The code in the post does not implement Prim's algorithm! Prim's algorithm constructs a minimum spanning tree. But the code in the post does not construct a tree.

(It could certainly be modified to construct the tree, but you have to actually do it!)

2. Analysis

The key thing to spot about the code in the post is that a node might get added to the queue more than once. This is becasue a node is added to the queue every time a new route is discovered to that node that is shorter than the previously known best route.

In particular, the \$n\$th node to be visited can be added to the queue up to \$n-1\$ times (because a new and better route might be discovered via any of the previous \$n-1\$ nodes to be visited).
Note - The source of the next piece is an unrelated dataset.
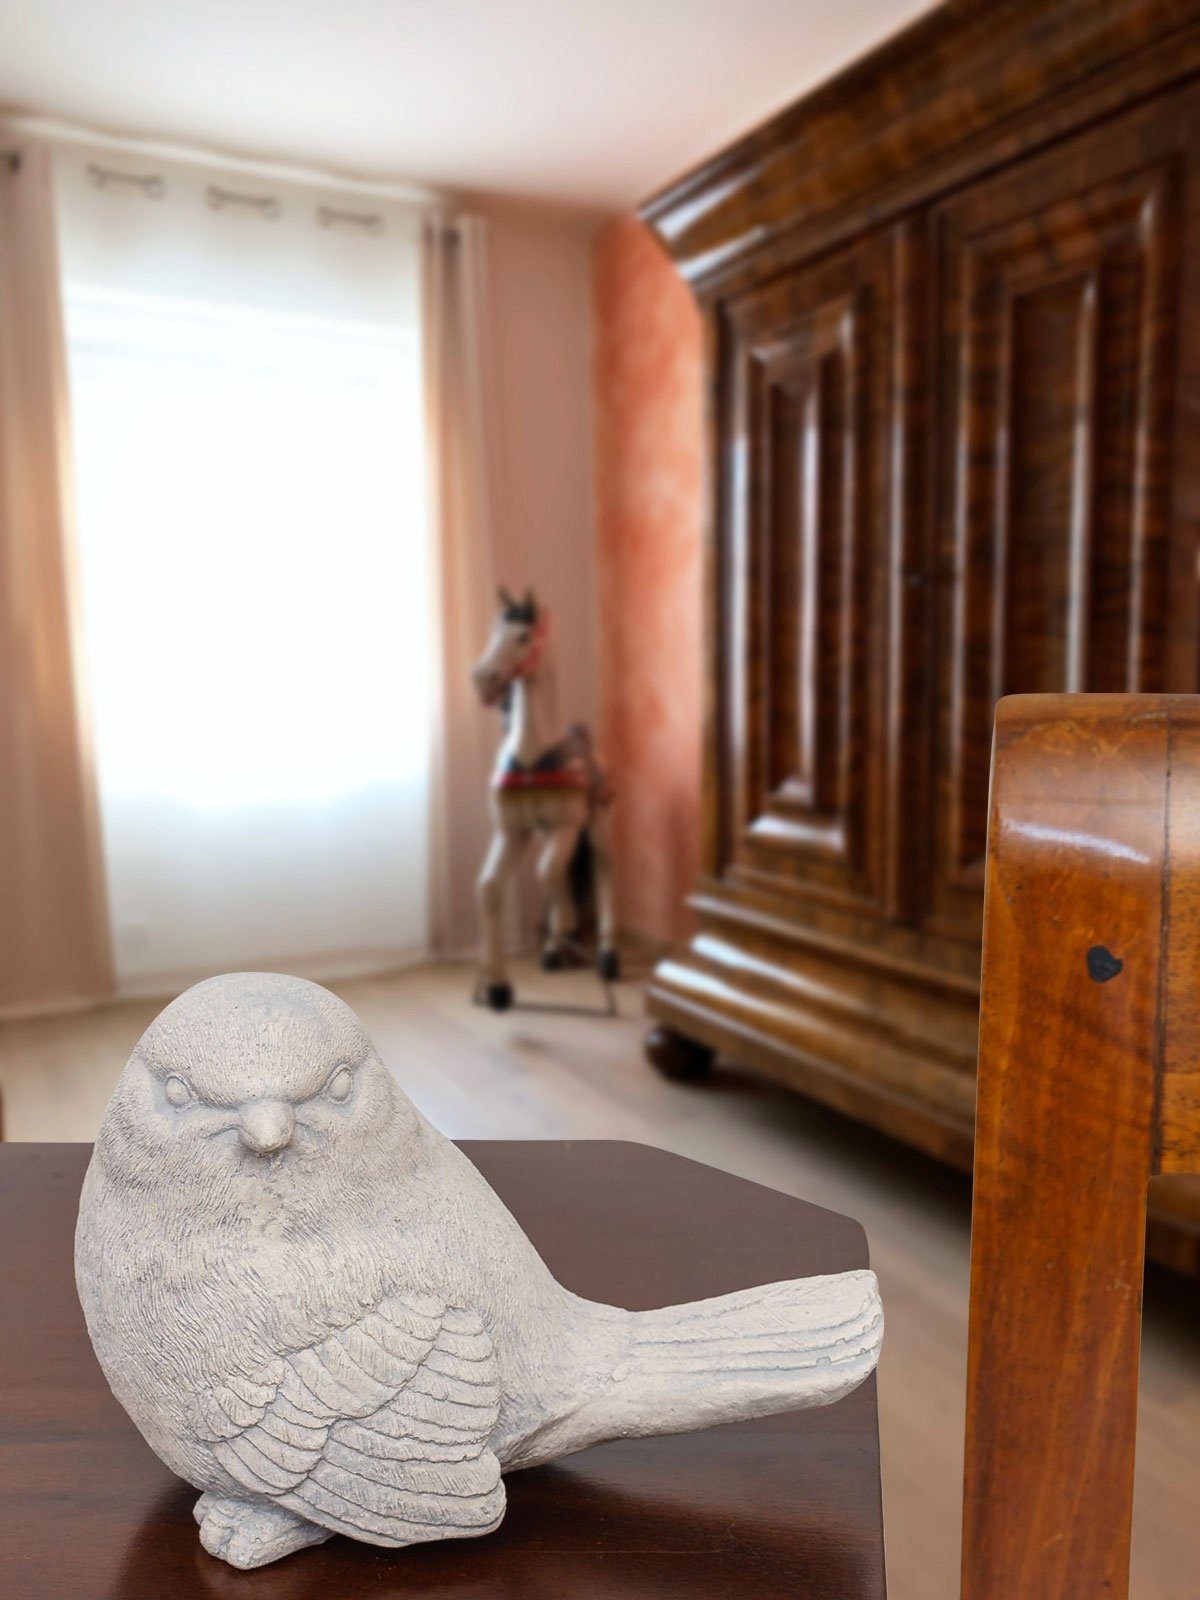 Aubaho Gartenfigur Statue Skulptur massiver Vogel Dekoration Figur Antik-Stil Kunststein

So the while loop is executed \$O(n^2)\$ times, and on each iteration of the while loop the inner for loop takes \$O(n)\$, giving a runtime of \$O(n^3)\$ overall.

But with an adjacency matrix it is possible to implement Prim's algorithm in \$O(n^2)\$ (see Wikipedia). So you have some work to do!

3. Other review points

1. There's no docstring. What does prims_mst do? What does it return? What arguments should I pass? I think that if you had stopped and written a docstring then you might have spotted the problem in section 1.

2. The variables visited and h are global. This means that you can only call prims_mst once — on the second call, the global variables have the wrong initial values. (Or else you have to remember to reset these variables, which is inconvenient and easy to forget.) It also means that the code can't be used from multiple threads.

3. Names like nd and lv and dst are hard to read. There is no danger of running out of vowels, so nothing will go wrong if you write node and distance instead.

4. Similarly, instead of importing a module and giving it a hard-to-read alias:

   import heapq as hq
   

   consider importing the names you need:

   from heapq import heappop, heappush
   

5. The variable lv is used only once, so you could just inline its value at the point of use.

6. Because the graph is given as an adjacency matrix (and because of the enumerate line), we know that the nodes can be labelled with consecutive integers. But the construction of curr_dist uses AP to get the nodes. It would be better to construct it in the way that you use it:

   # For each node, the shortest distance from src found so far.
   best_distance = [float('inf')] * len(adj_matrix)
   best_distance[src] = 0
   

   This avoids the dependency on AP.

7. The line:

   while len(h) != 0:
   

   can be simplified to:

   while h:
   

8. Instead of representing the set of visited nodes as a dictionary mapping nodes to True, use a set.

9. This line assigns a variable dst that is not used anywhere:

   for nd, dst in enumerate(adj_matrix[src]):
   

   An improvement would be to write:

   for node, distance in enumerate(adj_matrix[curr_nd]):
   

   and then you could use distance instead of adj_matrix[curr_nd][nd], saving a couple of indexing operations each time.

10. The heap entries are data structures of the form:

    (distance, (node, parent))
    

    The code for getting data out of these entries is hard to understand because the tuple lookup [1][0] doesn't have any distinctive meaning:

    curr_nd = hq.heappop(h)[1][0]
    

    It would be better to use a collections.namedtuple:

    HeapEntry = namedtuple('HeapEntry', 'distance node parent')
    

    and then you can write:

    current_node = heappop(h).node
    

    which is much easier to understand.